(Recorded information begins)
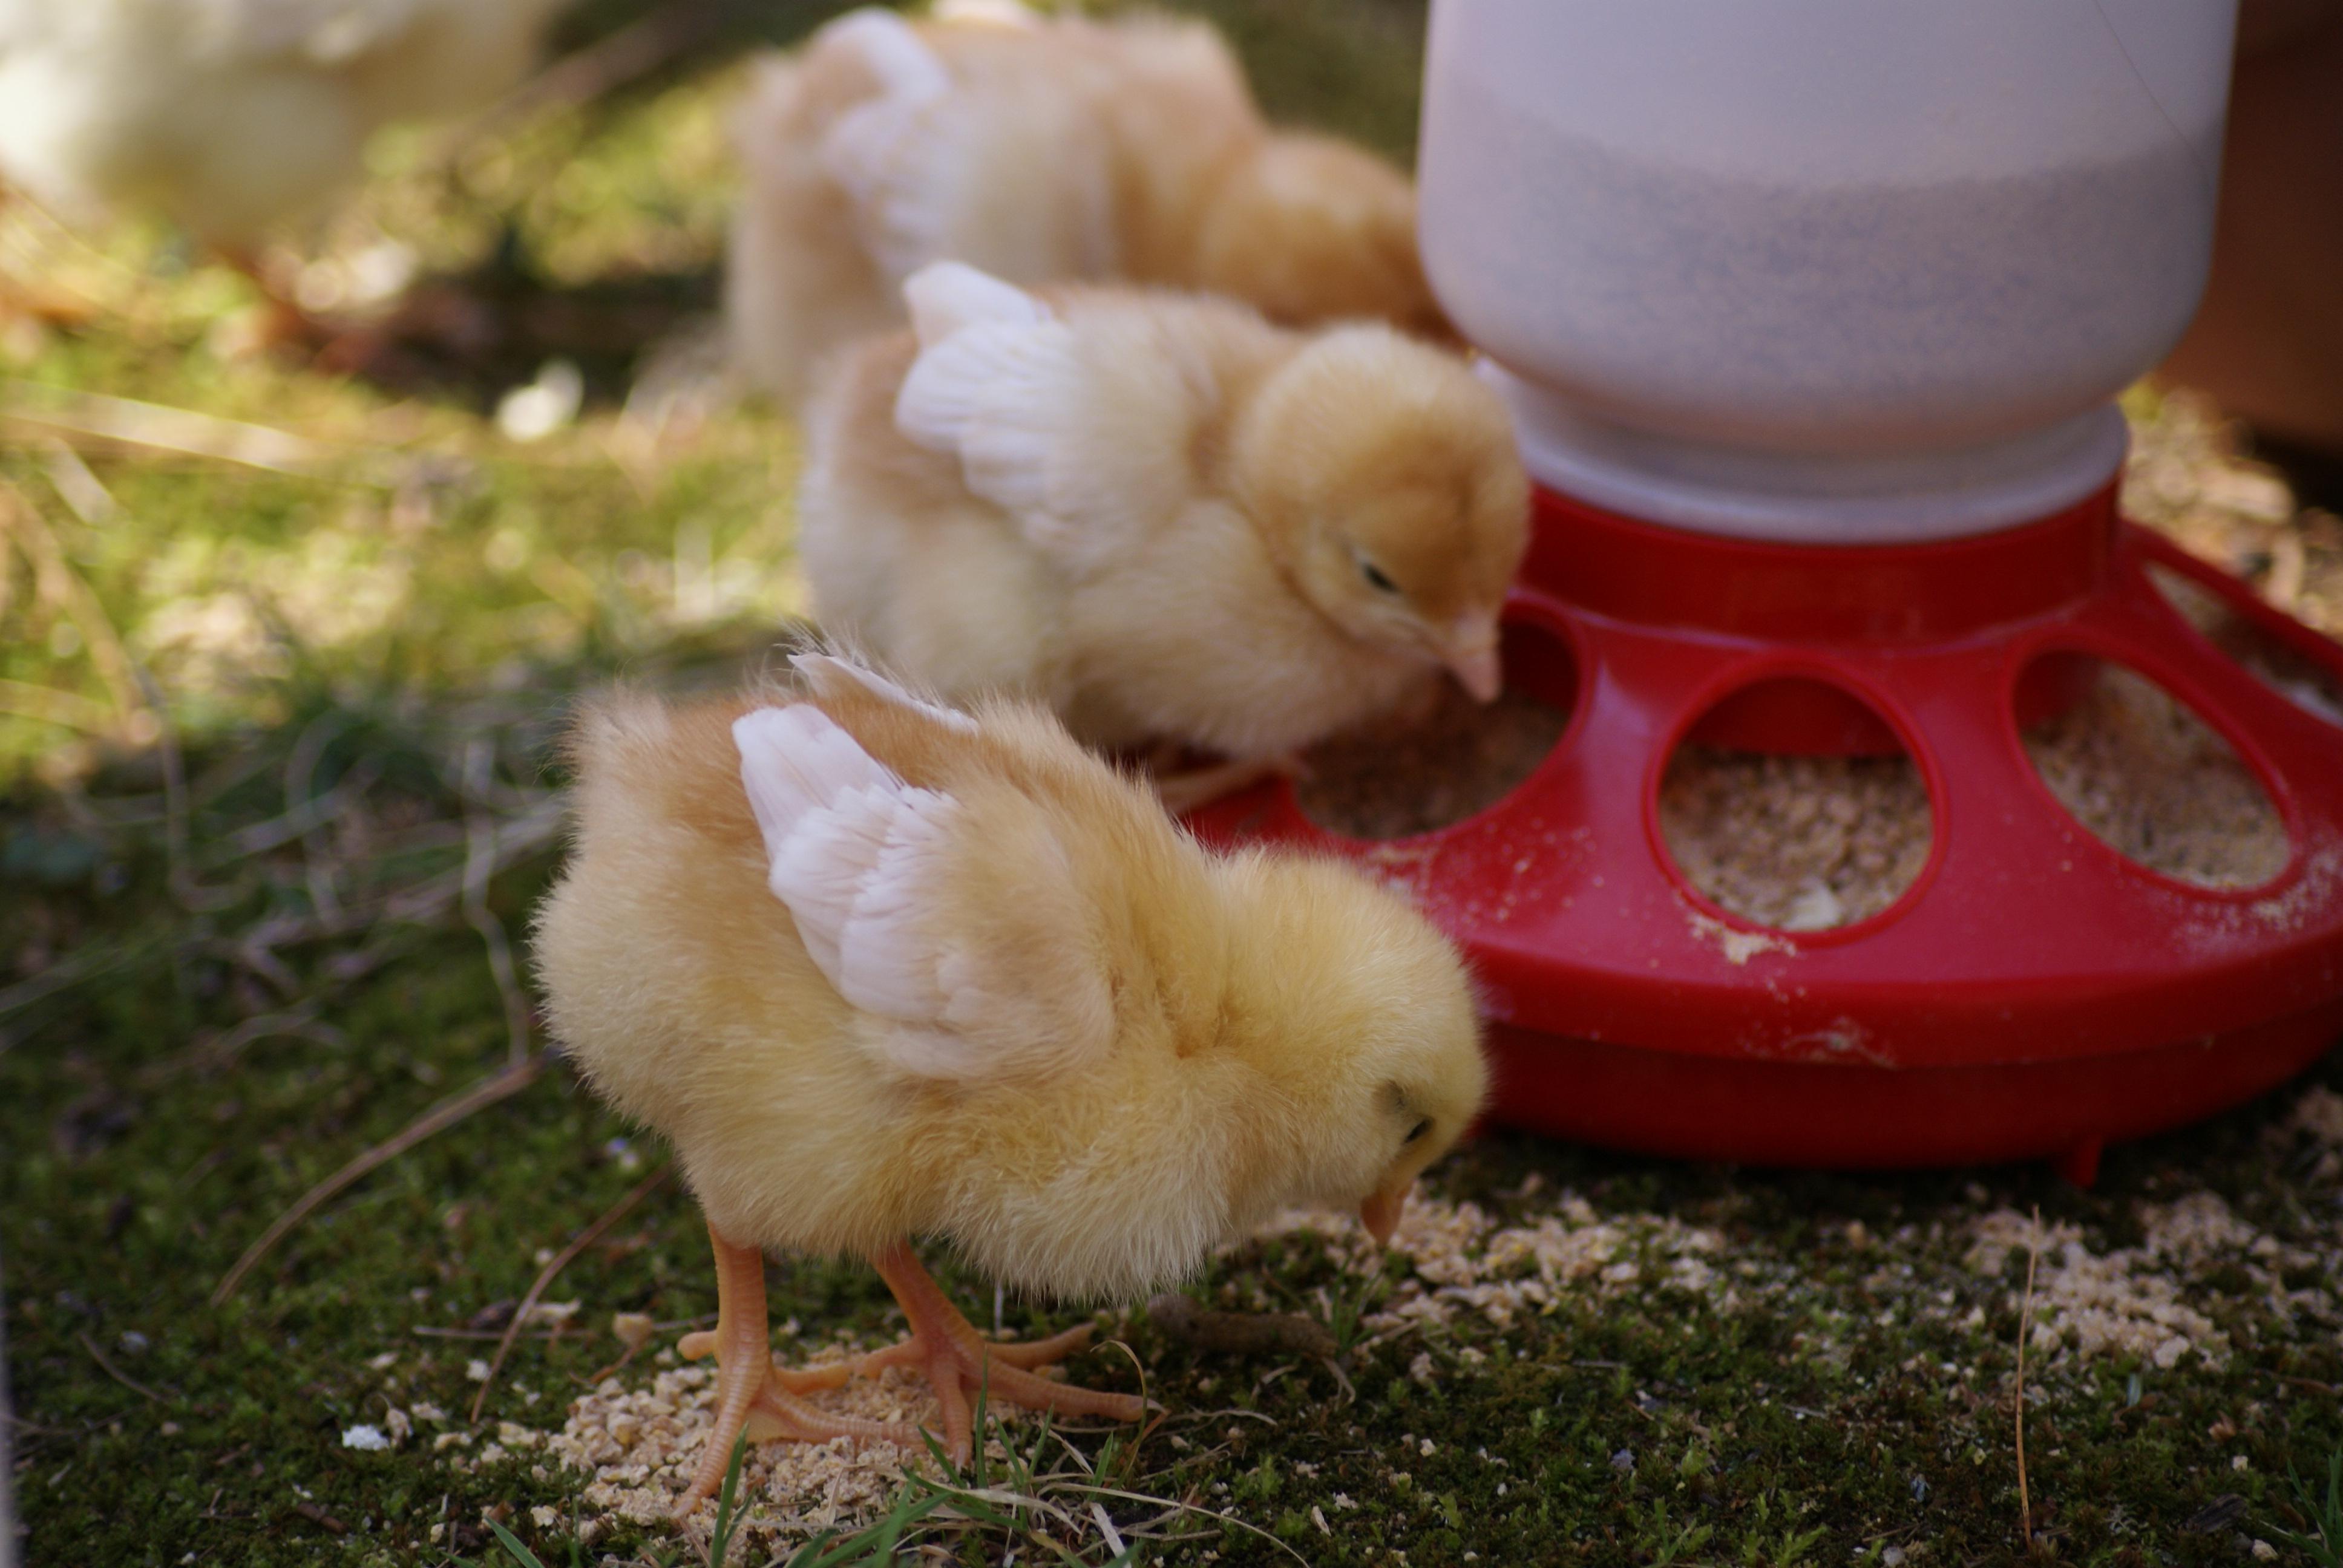 желаю, картинки зерен для цыплят расположен
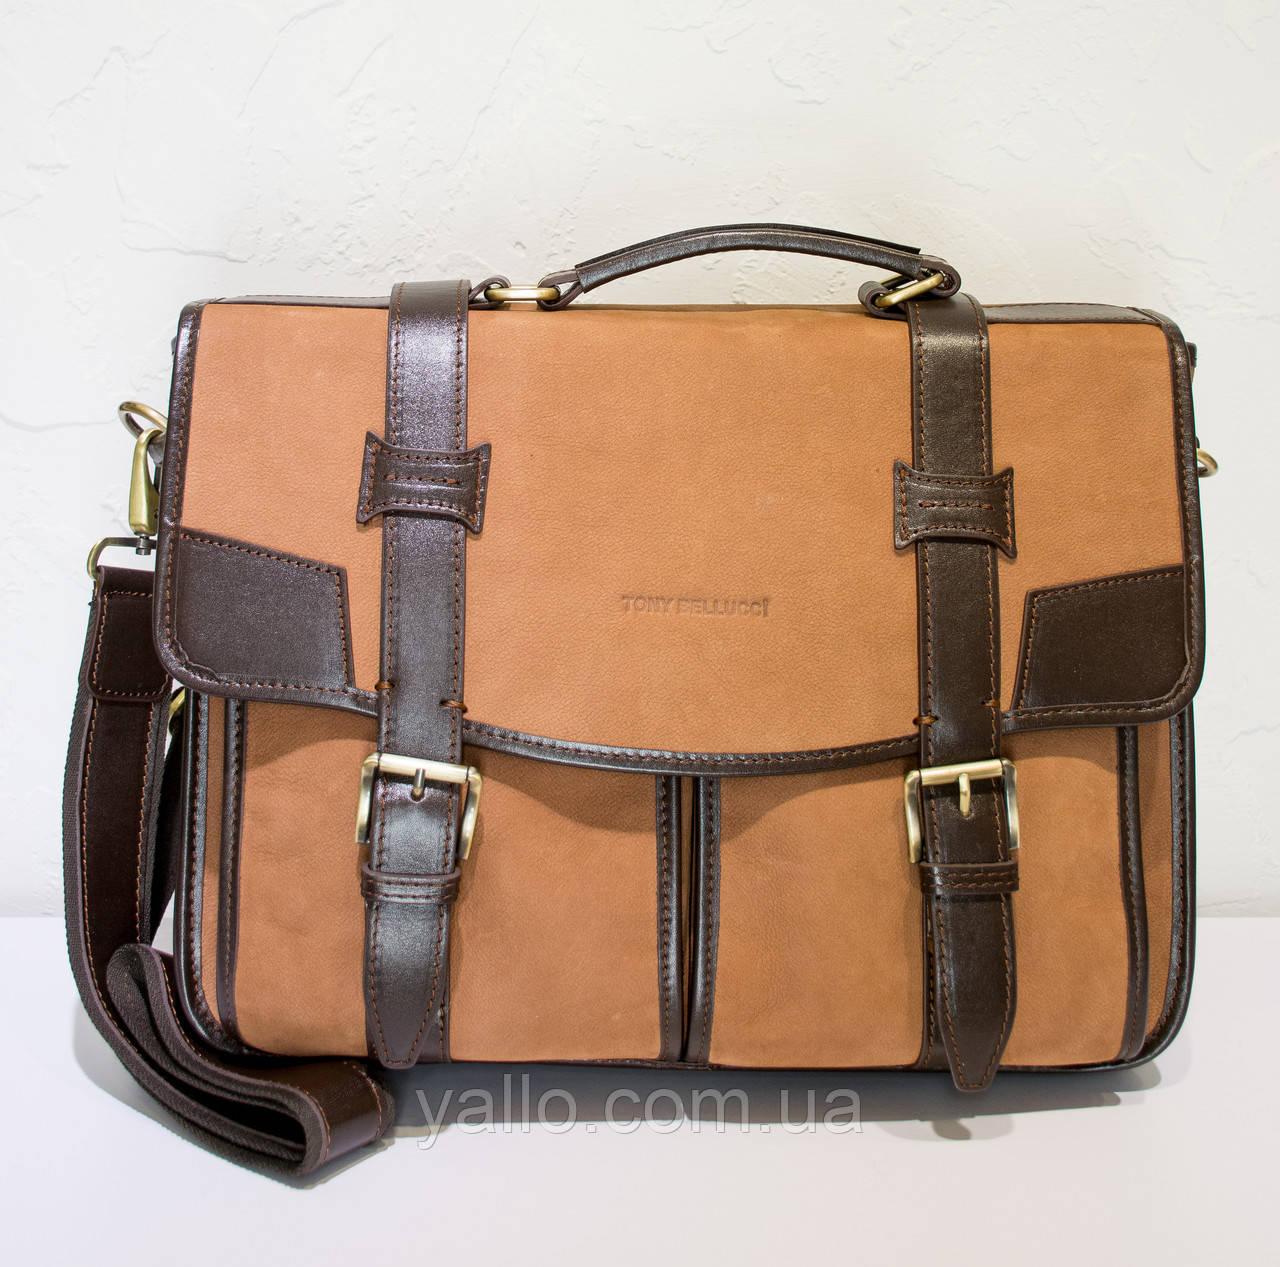 Натуральная кожаная сумка для мужчин Tony Bellucci T5123-400
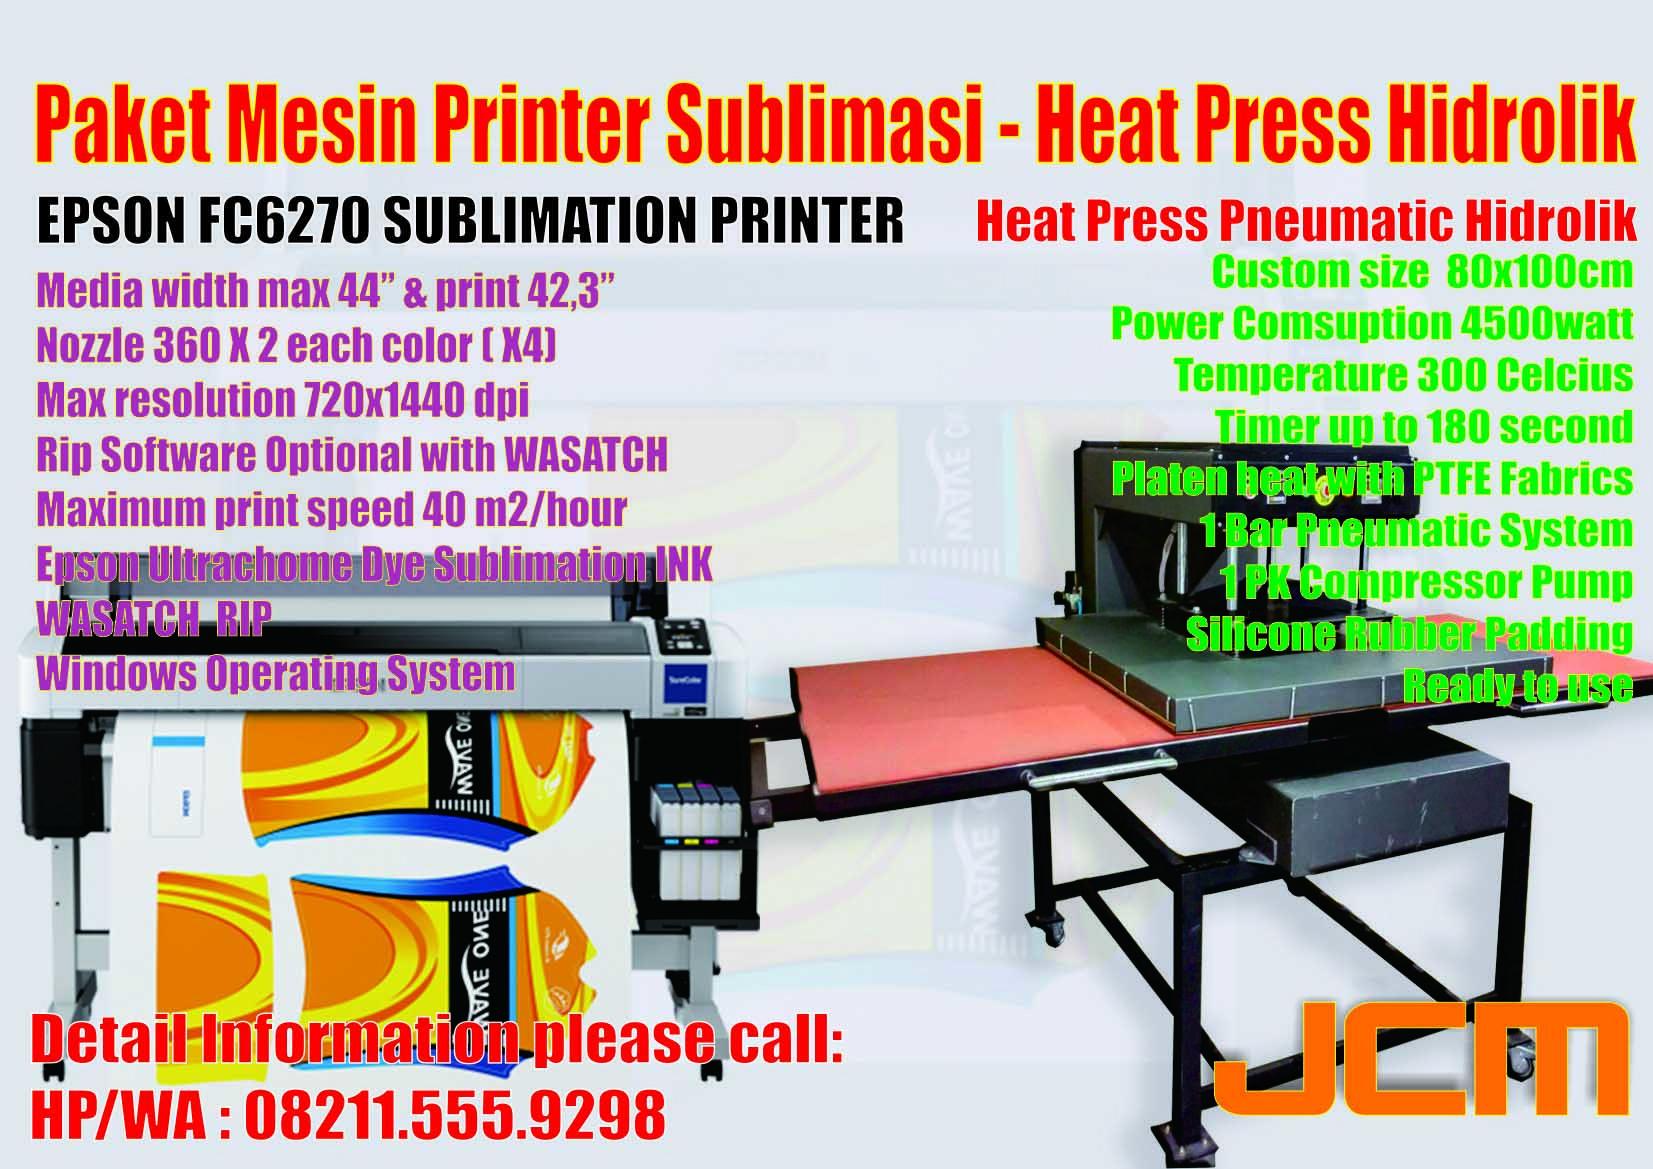 Jual Mesin Printer Harga Sublim Sublime Sublimasi Epson Fc6270 Press Pin Mutoh Rj 900x
(Recorded information ends)
_Assignment_. Your answer must be an exact copy of the listing, with every picture omitted.

_Result of this task_.
 желаю, картинки зерен для цыплят расположен
 Натуральная кожаная сумка для мужчин Tony Bellucci T5123-400
 Jual Mesin Printer Harga Sublim Sublime Sublimasi Epson Fc6270 Press Pin Mutoh Rj 900x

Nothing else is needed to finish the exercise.